▸ About this exercise
Give every line of the data again, unchanged, but with no pictures.

▸ Given data

────────────────────

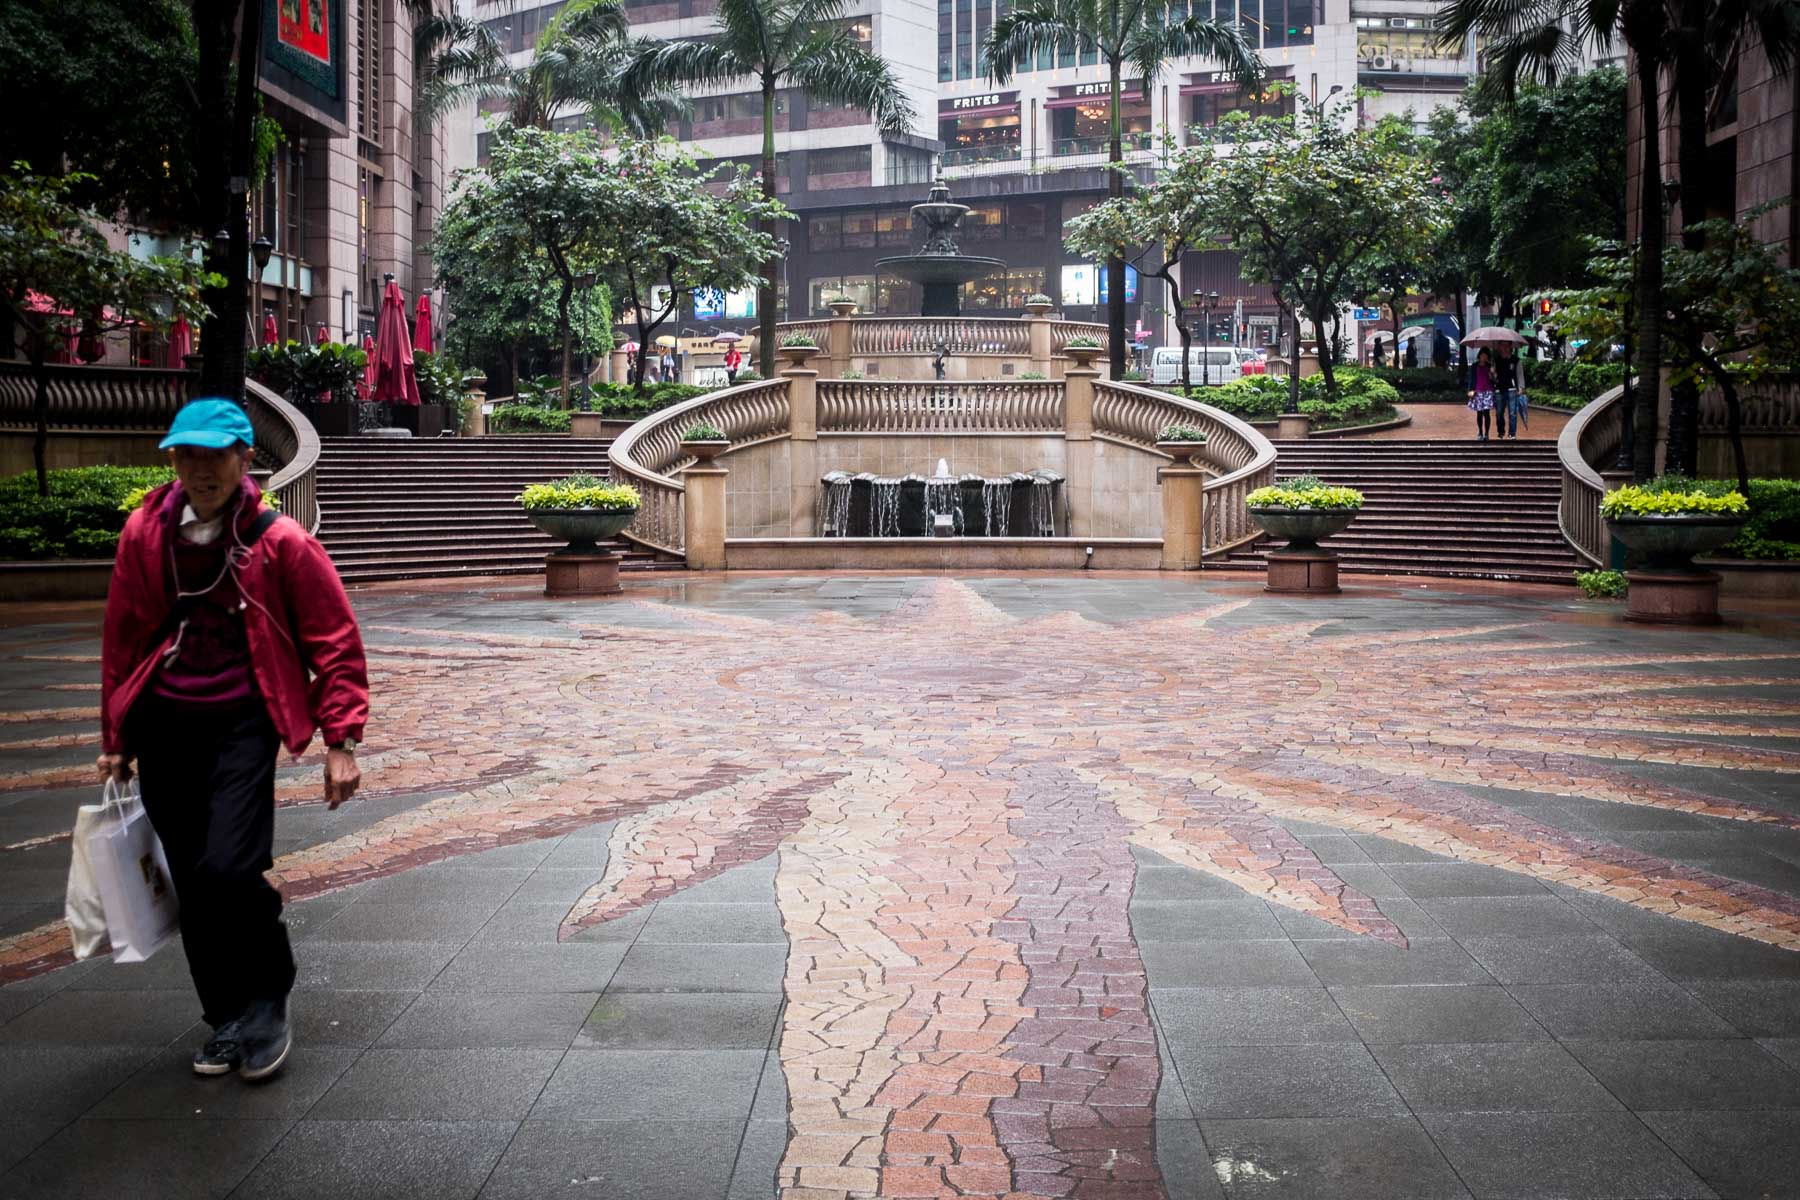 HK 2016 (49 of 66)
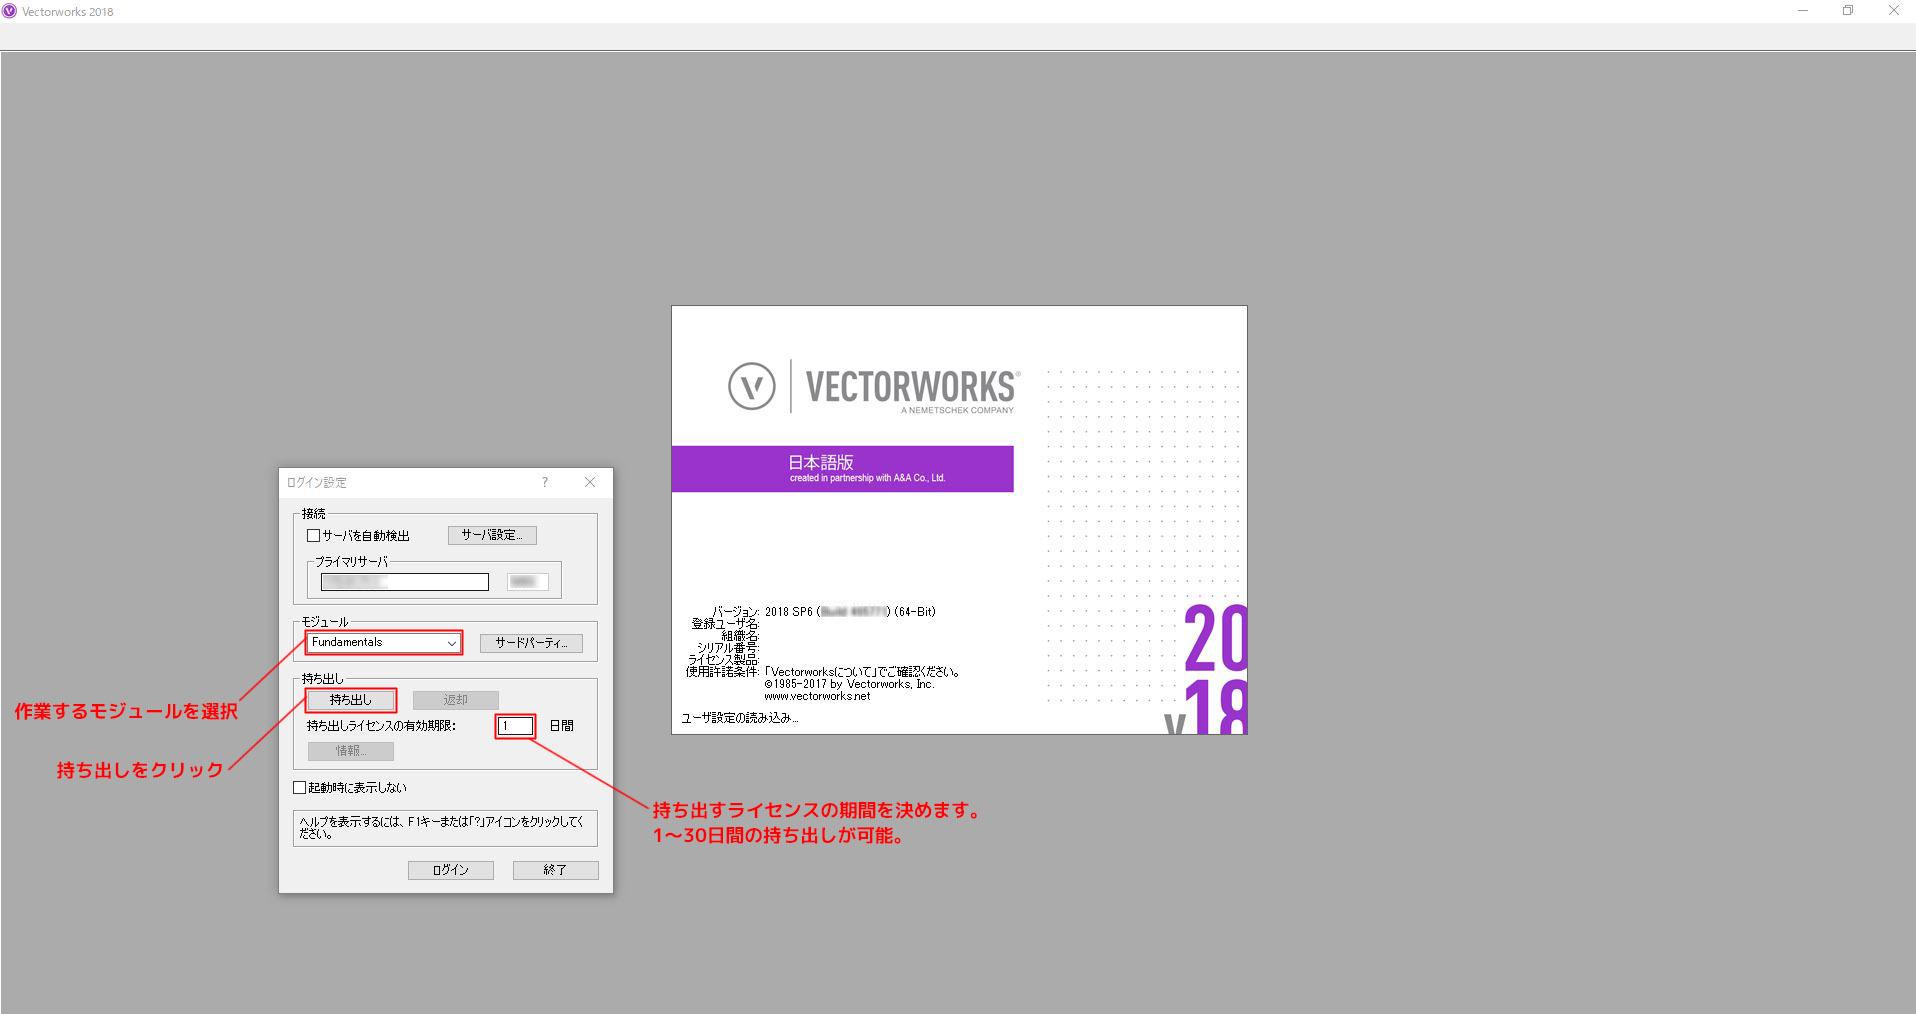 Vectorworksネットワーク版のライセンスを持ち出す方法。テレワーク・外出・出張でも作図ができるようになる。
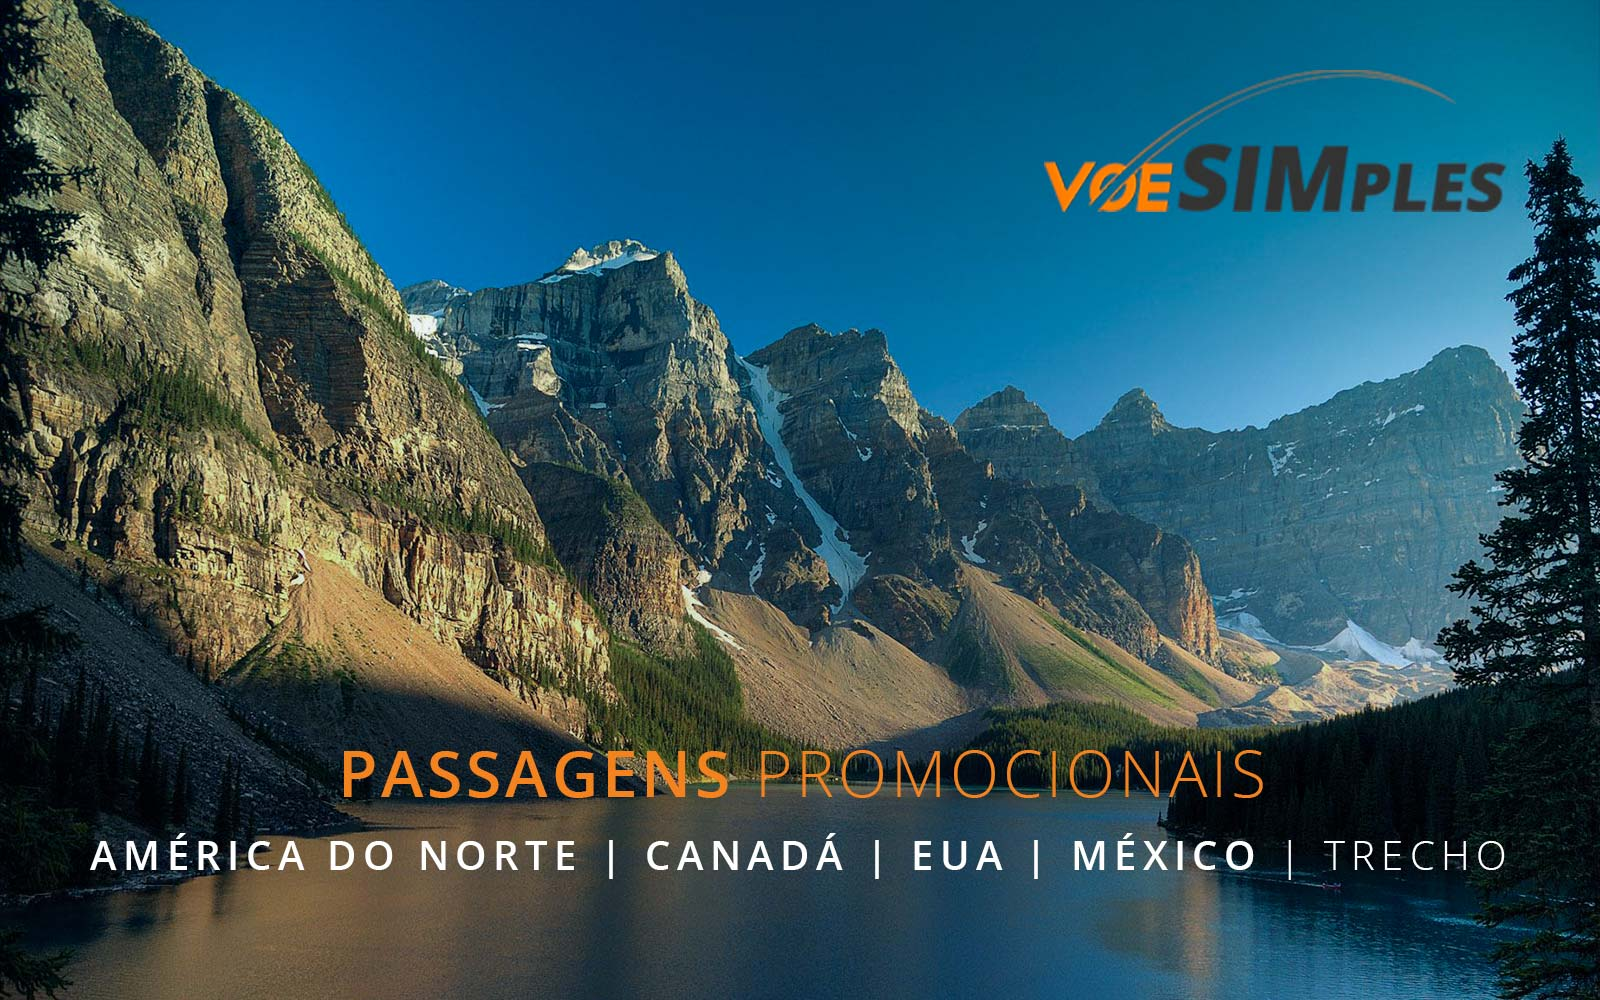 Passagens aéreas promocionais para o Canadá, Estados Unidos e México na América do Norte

────────────────────

▸ Completed task
 HK 2016 (49 of 66)
 Vectorworksネットワーク版のライセンスを持ち出す方法。テレワーク・外出・出張でも作図ができるようになる。
 Passagens aéreas promocionais para o Canadá, Estados Unidos e México na América do Norte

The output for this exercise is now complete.